We use a simple training job with multiple epochs to demonstrate progress tracking over time.

In [None]:
def train_func():
    """Training function with multiple epochs for progress demonstration."""
    import os
    import torch
    from transformers import (
        AutoModelForSequenceClassification,
        AutoTokenizer,
        Trainer,
        TrainingArguments,
    )
    from datasets import load_dataset
    
    rank = int(os.environ.get("RANK", 0))
    local_rank = int(os.environ.get("LOCAL_RANK", 0))
    
    print(f"Starting training on rank {rank}")
    
    if torch.cuda.is_available():
        torch.cuda.set_device(local_rank)
    
    # Load a small model for quick demonstration
    model_name = "distilbert-base-uncased"
    model = AutoModelForSequenceClassification.from_pretrained(model_name, num_labels=2)
    tokenizer = AutoTokenizer.from_pretrained(model_name)
    
    # Load a subset of IMDB for demonstration
    dataset = load_dataset("imdb", split="train[:500]")
    
    def tokenize_function(examples):
        return tokenizer(examples["text"], padding="max_length", truncation=True, max_length=128)
    
    tokenized_dataset = dataset.map(tokenize_function, batched=True, remove_columns=["text"])
    
    # Train for 2 epochs to show progress over time
    training_args = TrainingArguments(
        output_dir="/tmp/output",
        num_train_epochs=2,  # Multiple epochs to observe progress
        per_device_train_batch_size=8,
        learning_rate=2e-5,
        logging_steps=5,  # Frequent logging for progress updates
        save_strategy="no",
        report_to="none",
        ddp_find_unused_parameters=False,
    )
    
    trainer = Trainer(model=model, args=training_args, train_dataset=tokenized_dataset)
    trainer.train()
    print(f"Training complete on rank {rank}")
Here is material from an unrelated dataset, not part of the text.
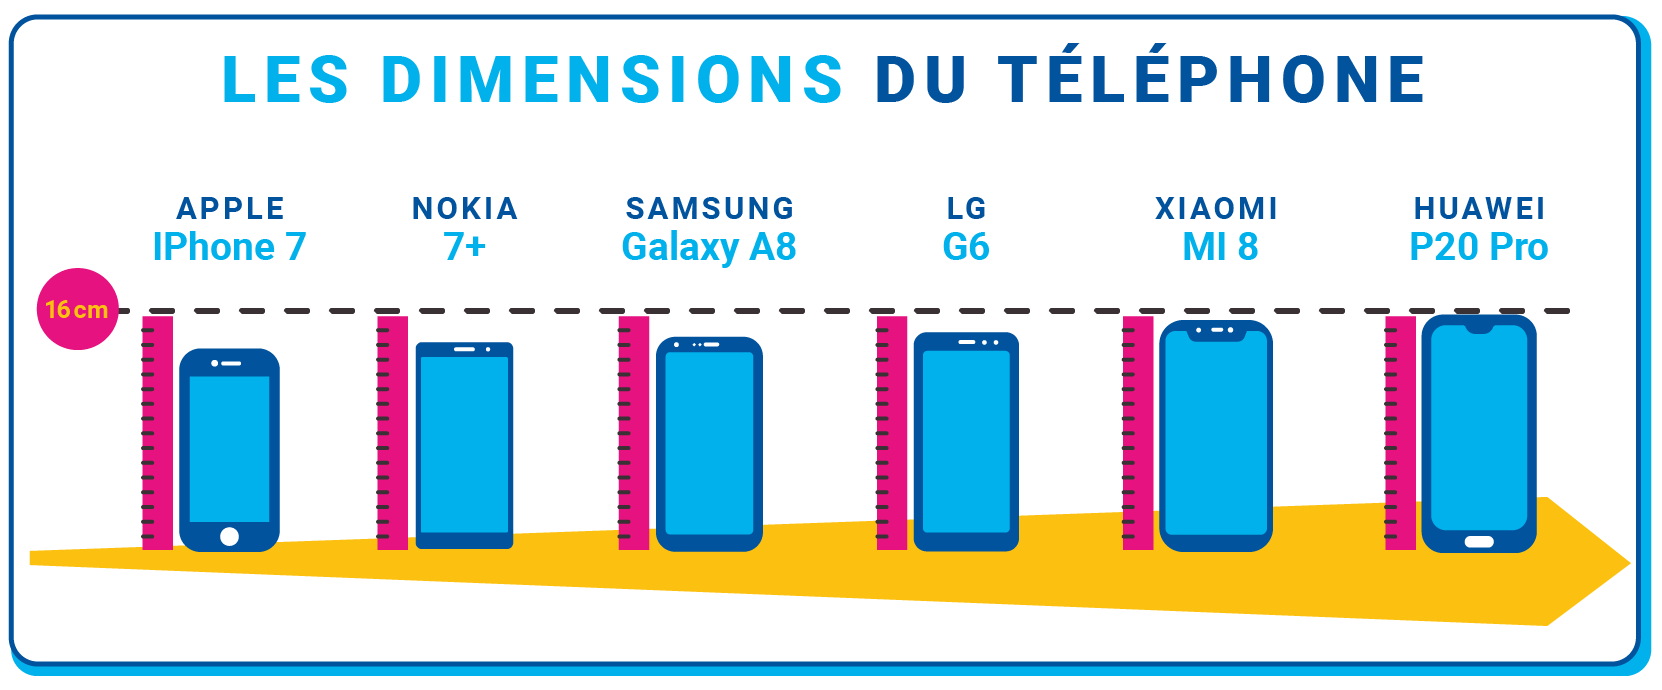 Dimensions des différents smartphones

## 4. Submit the training job

When using `TransformersTrainer`, progress tracking is automatically enabled. The trainer instruments your code to report metrics without any changes to your training function.

In [None]:
# Create TransformersTrainer - progress tracking is ON by default
trainer = TransformersTrainer(
    func=train_func,
    num_nodes=NUM_NODES,
    resources_per_node={"nvidia.com/gpu": GPUS_PER_NODE},
    # enable_progression_tracking=True  # This is the default, no need to specify
)

print("Trainer configured with progress tracking enabled")

In [None]:
# Create client and submit job
if NAMESPACE:
    backend_config = KubernetesBackendConfig(namespace=NAMESPACE)
    client = TrainerClient(backend_config=backend_config)
else:
    client = TrainerClient()

runtime = client.get_runtime(name="torch-distributed")
JOB_NAME = client.train(trainer=trainer, runtime=runtime)
print(f"Job submitted: {JOB_NAME}")

## 5. Monitor progress

Progress is available through:
1. **OpenShift AI Dashboard** - Visual interface with real-time updates
2. **CLI** - TrainJob annotations contain structured progress data

Run the cell below to poll progress until the job completes.

In [None]:
import subprocess
import json
import time

def get_progress(job_name, namespace=None):
    """Fetch progress from TrainJob annotations."""
    ns_arg = f"-n {namespace}" if namespace else ""
    cmd = f"oc get trainjob {job_name} {ns_arg} -o json"
    result = subprocess.run(cmd, shell=True, capture_output=True, text=True)
    if result.returncode != 0:
        return None, None
    
    data = json.loads(result.stdout)
    state = data.get("status", {}).get("conditions", [{}])
    state_str = "Unknown"
    for c in state:
        if c.get("type") == "Complete" and c.get("status") == "True":
            state_str = "Complete"
            break
        elif c.get("type") == "Suspended" and c.get("status") == "False":
            state_str = "Running"
    
    annotations = data.get("metadata", {}).get("annotations", {})
    progress_str = annotations.get("trainer.opendatahub.io/trainerStatus", "{}")
    try:
        progress = json.loads(progress_str)
    except:
        progress = {}
    
    return state_str, progress

print(f"Monitoring job: {JOB_NAME}")
print("-" * 60)

while True:
    state, progress = get_progress(JOB_NAME, NAMESPACE)
    
    if progress:
        pct = progress.get("progressPercentage", 0)
        step = progress.get("currentStep", 0)
        total = progress.get("totalSteps", 0)
        epoch = progress.get("currentEpoch", 0)
        epochs = progress.get("totalEpochs", 0)
        eta = progress.get("estimatedRemainingTimeSummary", "calculating...")
        metrics = progress.get("trainMetrics", {})
        loss = metrics.get("loss", "N/A")
        throughput = metrics.get("throughput_samples_sec", "N/A")
        
        print(f"Progress: {pct}% | Step: {step}/{total} | Epoch: {epoch}/{epochs}")
        print(f"  Loss: {loss} | Throughput: {throughput} samples/sec | ETA: {eta}")
    else:
        print(f"State: {state} (waiting for progress data...)")
    
    if state == "Complete":
        print("-" * 60)
        print("Training completed!")
        break
    
    time.sleep(5)

## 6. View final progress data

The progress annotations remain on the TrainJob after completion, providing a record of the training run.

In [None]:
# Display final progress data
_, final_progress = get_progress(JOB_NAME, NAMESPACE)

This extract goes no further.